## ABOUT THIS EXERCISE
Look below for the line holding "Dwa Turystyczne rowery" and the line holding "Aprenda acerca de". Transcribe exactly those lines and all lines between them, nothing more.

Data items
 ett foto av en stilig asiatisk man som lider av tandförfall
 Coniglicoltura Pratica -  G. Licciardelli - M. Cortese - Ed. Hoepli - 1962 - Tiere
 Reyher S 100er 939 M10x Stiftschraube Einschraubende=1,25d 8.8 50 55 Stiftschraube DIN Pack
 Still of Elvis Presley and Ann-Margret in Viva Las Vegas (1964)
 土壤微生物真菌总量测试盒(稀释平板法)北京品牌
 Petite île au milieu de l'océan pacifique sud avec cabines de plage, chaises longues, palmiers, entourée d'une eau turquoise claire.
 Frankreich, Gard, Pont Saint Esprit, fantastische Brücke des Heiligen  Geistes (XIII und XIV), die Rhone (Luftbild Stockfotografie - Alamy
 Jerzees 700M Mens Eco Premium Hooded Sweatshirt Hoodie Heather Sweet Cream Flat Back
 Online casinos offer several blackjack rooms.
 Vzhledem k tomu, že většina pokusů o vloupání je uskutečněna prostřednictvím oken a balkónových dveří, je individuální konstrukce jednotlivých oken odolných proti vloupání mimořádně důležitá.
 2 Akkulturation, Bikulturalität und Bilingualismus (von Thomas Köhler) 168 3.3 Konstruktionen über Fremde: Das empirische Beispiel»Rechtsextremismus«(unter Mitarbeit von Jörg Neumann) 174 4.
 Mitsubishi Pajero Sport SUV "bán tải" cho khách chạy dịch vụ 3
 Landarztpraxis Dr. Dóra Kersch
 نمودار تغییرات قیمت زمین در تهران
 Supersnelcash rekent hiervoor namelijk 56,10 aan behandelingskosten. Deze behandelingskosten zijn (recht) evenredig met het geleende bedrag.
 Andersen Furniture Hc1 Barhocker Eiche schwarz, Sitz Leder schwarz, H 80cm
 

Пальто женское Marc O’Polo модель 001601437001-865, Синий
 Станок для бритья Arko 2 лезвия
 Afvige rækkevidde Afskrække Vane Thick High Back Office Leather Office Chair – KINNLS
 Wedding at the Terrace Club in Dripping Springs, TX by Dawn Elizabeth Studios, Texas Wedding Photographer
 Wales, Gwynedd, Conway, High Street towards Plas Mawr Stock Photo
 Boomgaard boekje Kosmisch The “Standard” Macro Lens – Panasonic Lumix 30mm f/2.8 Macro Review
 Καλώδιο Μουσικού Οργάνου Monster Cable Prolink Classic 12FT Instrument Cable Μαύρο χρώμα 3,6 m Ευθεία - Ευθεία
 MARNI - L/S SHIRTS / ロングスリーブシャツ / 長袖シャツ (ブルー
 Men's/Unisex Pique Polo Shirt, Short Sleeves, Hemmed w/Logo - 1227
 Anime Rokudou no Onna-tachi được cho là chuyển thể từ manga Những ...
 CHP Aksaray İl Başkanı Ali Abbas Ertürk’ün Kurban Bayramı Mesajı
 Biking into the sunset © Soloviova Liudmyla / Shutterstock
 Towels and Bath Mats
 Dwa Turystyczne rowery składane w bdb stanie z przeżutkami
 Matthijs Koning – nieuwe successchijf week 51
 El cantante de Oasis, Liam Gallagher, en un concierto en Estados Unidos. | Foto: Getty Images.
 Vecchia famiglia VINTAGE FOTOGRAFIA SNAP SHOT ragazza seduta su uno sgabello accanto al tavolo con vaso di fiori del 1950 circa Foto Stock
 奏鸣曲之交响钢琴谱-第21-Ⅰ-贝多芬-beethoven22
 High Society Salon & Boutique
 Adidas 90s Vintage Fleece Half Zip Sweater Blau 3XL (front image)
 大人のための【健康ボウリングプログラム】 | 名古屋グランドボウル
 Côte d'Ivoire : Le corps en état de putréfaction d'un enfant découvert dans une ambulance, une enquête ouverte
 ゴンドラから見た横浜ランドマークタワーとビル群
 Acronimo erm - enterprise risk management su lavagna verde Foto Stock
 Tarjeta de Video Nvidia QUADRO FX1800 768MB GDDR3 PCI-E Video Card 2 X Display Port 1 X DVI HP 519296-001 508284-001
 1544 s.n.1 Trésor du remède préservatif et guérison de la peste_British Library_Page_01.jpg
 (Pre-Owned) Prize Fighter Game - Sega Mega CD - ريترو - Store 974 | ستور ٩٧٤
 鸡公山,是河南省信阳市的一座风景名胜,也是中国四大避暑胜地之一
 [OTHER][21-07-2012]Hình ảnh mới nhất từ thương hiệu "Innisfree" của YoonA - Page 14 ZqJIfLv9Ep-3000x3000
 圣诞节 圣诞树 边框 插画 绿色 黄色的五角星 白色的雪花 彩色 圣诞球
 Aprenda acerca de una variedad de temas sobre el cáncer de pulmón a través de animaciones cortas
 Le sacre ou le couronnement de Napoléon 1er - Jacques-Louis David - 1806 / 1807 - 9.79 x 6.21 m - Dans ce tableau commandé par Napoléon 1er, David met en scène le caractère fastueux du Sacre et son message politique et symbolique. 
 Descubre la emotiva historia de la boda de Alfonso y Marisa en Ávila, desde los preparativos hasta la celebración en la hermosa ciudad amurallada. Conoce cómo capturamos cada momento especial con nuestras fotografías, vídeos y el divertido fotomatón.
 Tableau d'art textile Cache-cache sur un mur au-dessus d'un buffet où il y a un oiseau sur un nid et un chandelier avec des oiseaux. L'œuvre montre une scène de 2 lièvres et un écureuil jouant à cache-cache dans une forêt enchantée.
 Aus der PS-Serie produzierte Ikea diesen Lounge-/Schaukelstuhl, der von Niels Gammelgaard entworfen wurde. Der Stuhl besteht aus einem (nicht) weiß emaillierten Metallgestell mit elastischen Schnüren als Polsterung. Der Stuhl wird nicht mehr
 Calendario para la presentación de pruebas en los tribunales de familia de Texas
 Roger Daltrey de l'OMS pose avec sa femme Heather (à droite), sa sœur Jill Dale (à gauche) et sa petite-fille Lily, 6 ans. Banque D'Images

## ANSWER TO THE PROBLEM
 Dwa Turystyczne rowery składane w bdb stanie z przeżutkami
 Matthijs Koning – nieuwe successchijf week 51
 El cantante de Oasis, Liam Gallagher, en un concierto en Estados Unidos. | Foto: Getty Images.
 Vecchia famiglia VINTAGE FOTOGRAFIA SNAP SHOT ragazza seduta su uno sgabello accanto al tavolo con vaso di fiori del 1950 circa Foto Stock
 奏鸣曲之交响钢琴谱-第21-Ⅰ-贝多芬-beethoven22
 High Society Salon & Boutique
 Adidas 90s Vintage Fleece Half Zip Sweater Blau 3XL (front image)
 大人のための【健康ボウリングプログラム】 | 名古屋グランドボウル
 Côte d'Ivoire : Le corps en état de putréfaction d'un enfant découvert dans une ambulance, une enquête ouverte
 ゴンドラから見た横浜ランドマークタワーとビル群
 Acronimo erm - enterprise risk management su lavagna verde Foto Stock
 Tarjeta de Video Nvidia QUADRO FX1800 768MB GDDR3 PCI-E Video Card 2 X Display Port 1 X DVI HP 519296-001 508284-001
 1544 s.n.1 Trésor du remède préservatif et guérison de la peste_British Library_Page_01.jpg
 (Pre-Owned) Prize Fighter Game - Sega Mega CD - ريترو - Store 974 | ستور ٩٧٤
 鸡公山,是河南省信阳市的一座风景名胜,也是中国四大避暑胜地之一
 [OTHER][21-07-2012]Hình ảnh mới nhất từ thương hiệu "Innisfree" của YoonA - Page 14 ZqJIfLv9Ep-3000x3000
 圣诞节 圣诞树 边框 插画 绿色 黄色的五角星 白色的雪花 彩色 圣诞球
 Aprenda acerca de una variedad de temas sobre el cáncer de pulmón a través de animaciones cortas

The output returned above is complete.